BEGIN Available data

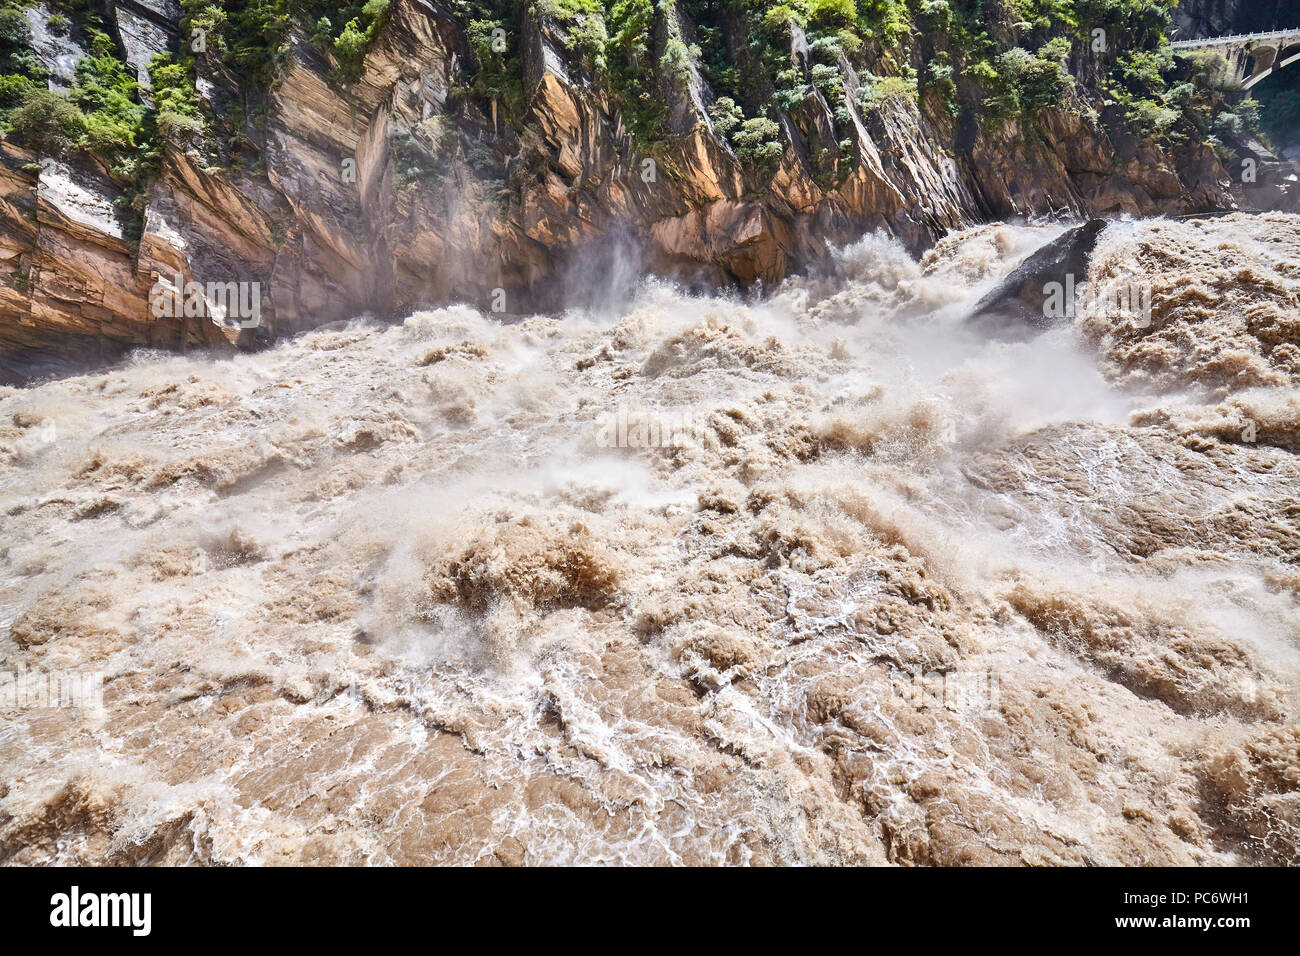 La montagne, la rivière boueuse turbulent la Gorge du tigre bondissant, la Chine. Banque D'Images
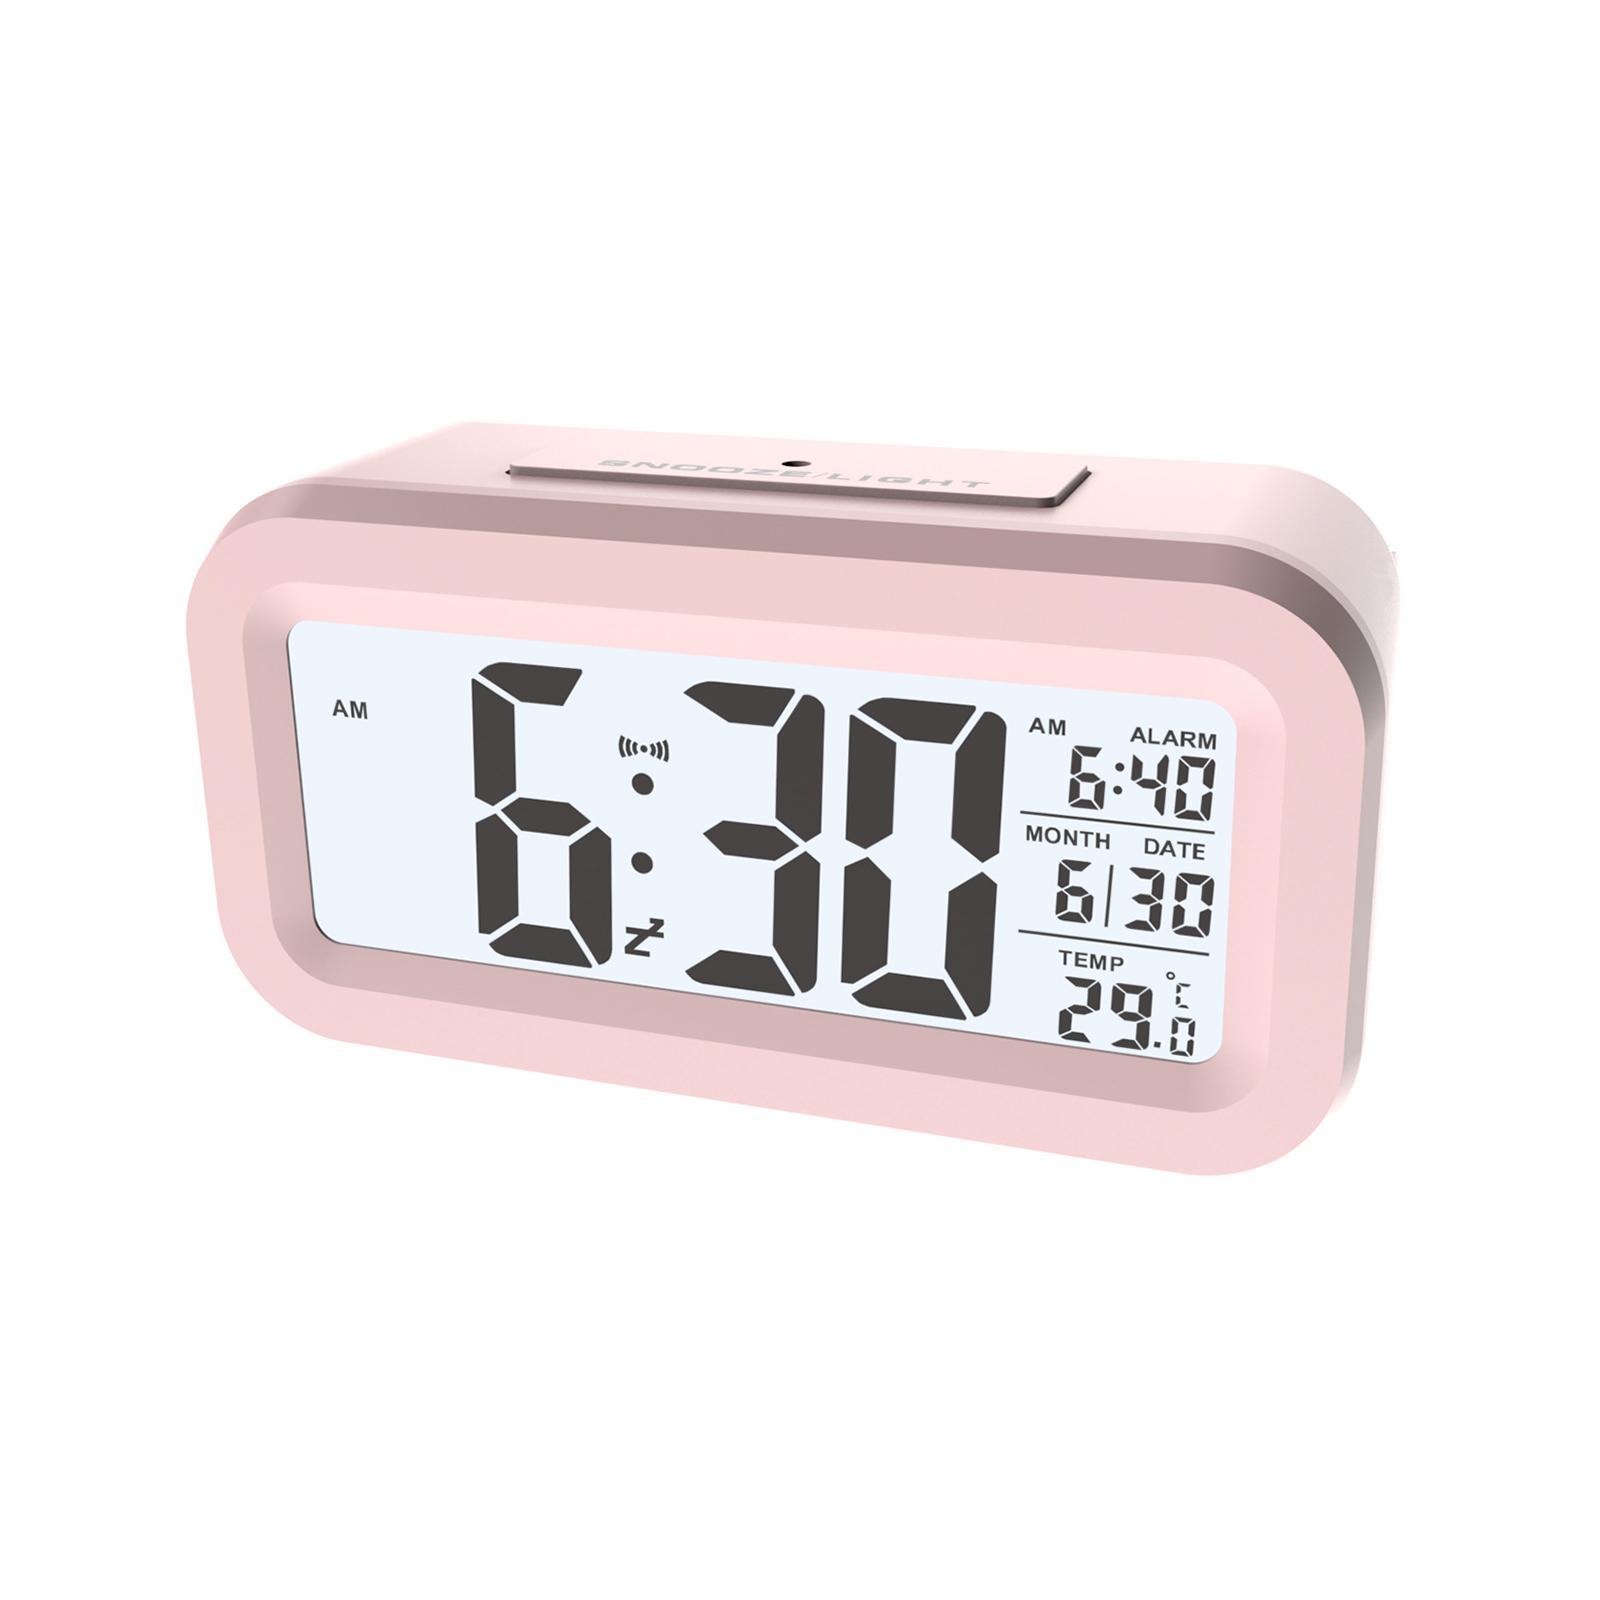 Digital Alarm Clock with Indoor Temperature Date Desk Clock Mute Clock for Study Room Bedroom NightStand Office Bedside
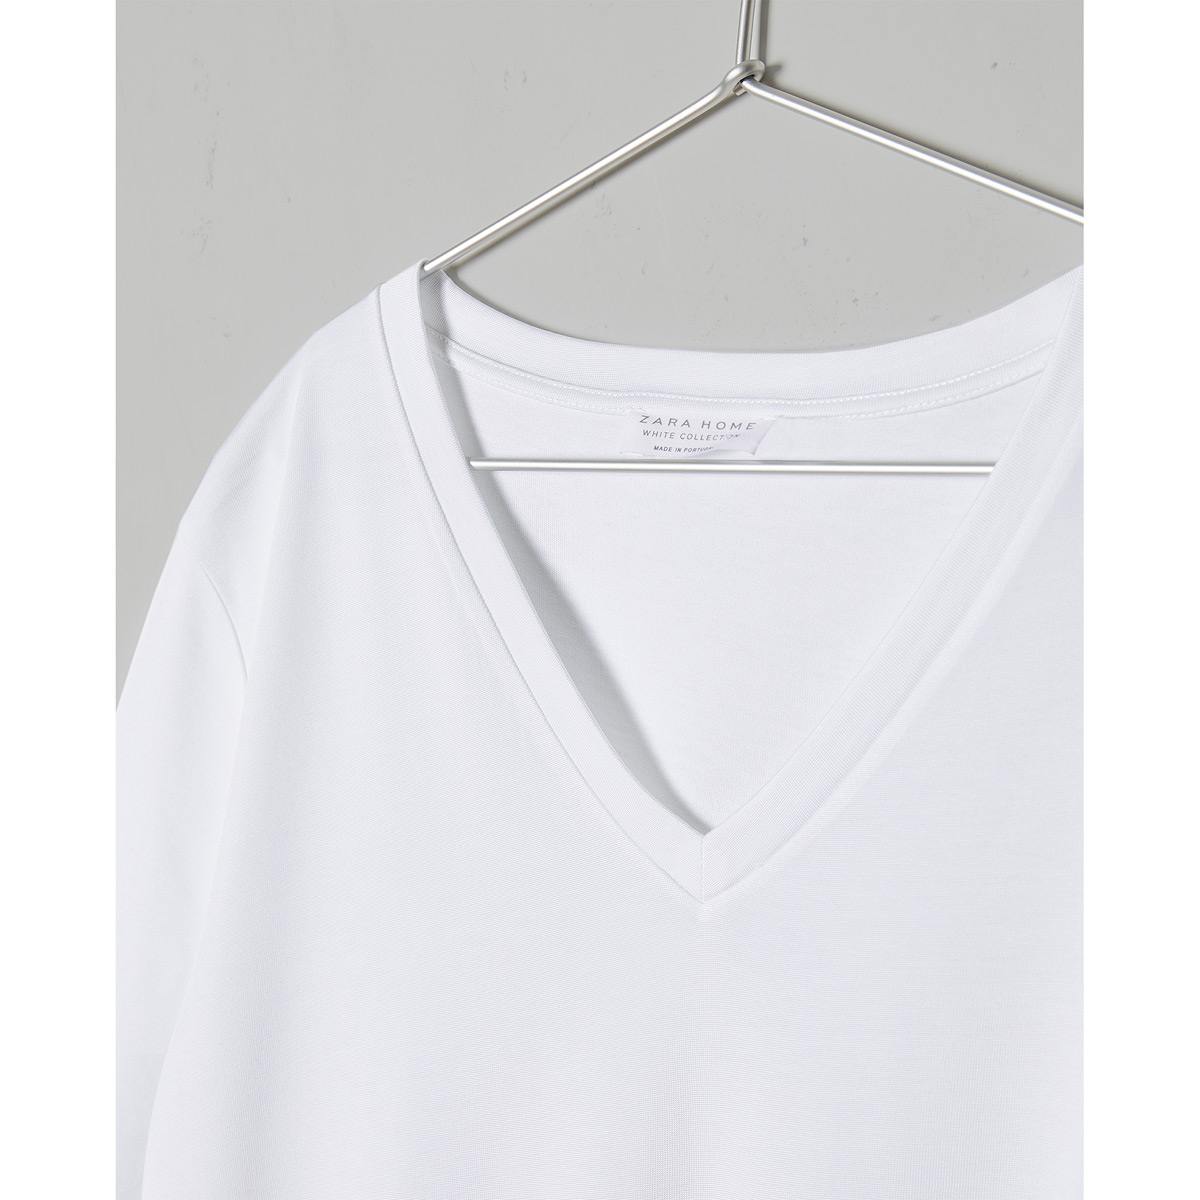 white t shirt dress zara

END Available data

Work to complete:
Where the material contains pictures, leave them out and copy the rest verbatim.

Reply to the exercise:
 La montagne, la rivière boueuse turbulent la Gorge du tigre bondissant, la Chine. Banque D'Images
 Digital Alarm Clock with Indoor Temperature Date Desk Clock Mute Clock for Study Room Bedroom NightStand Office Bedside
 white t shirt dress zara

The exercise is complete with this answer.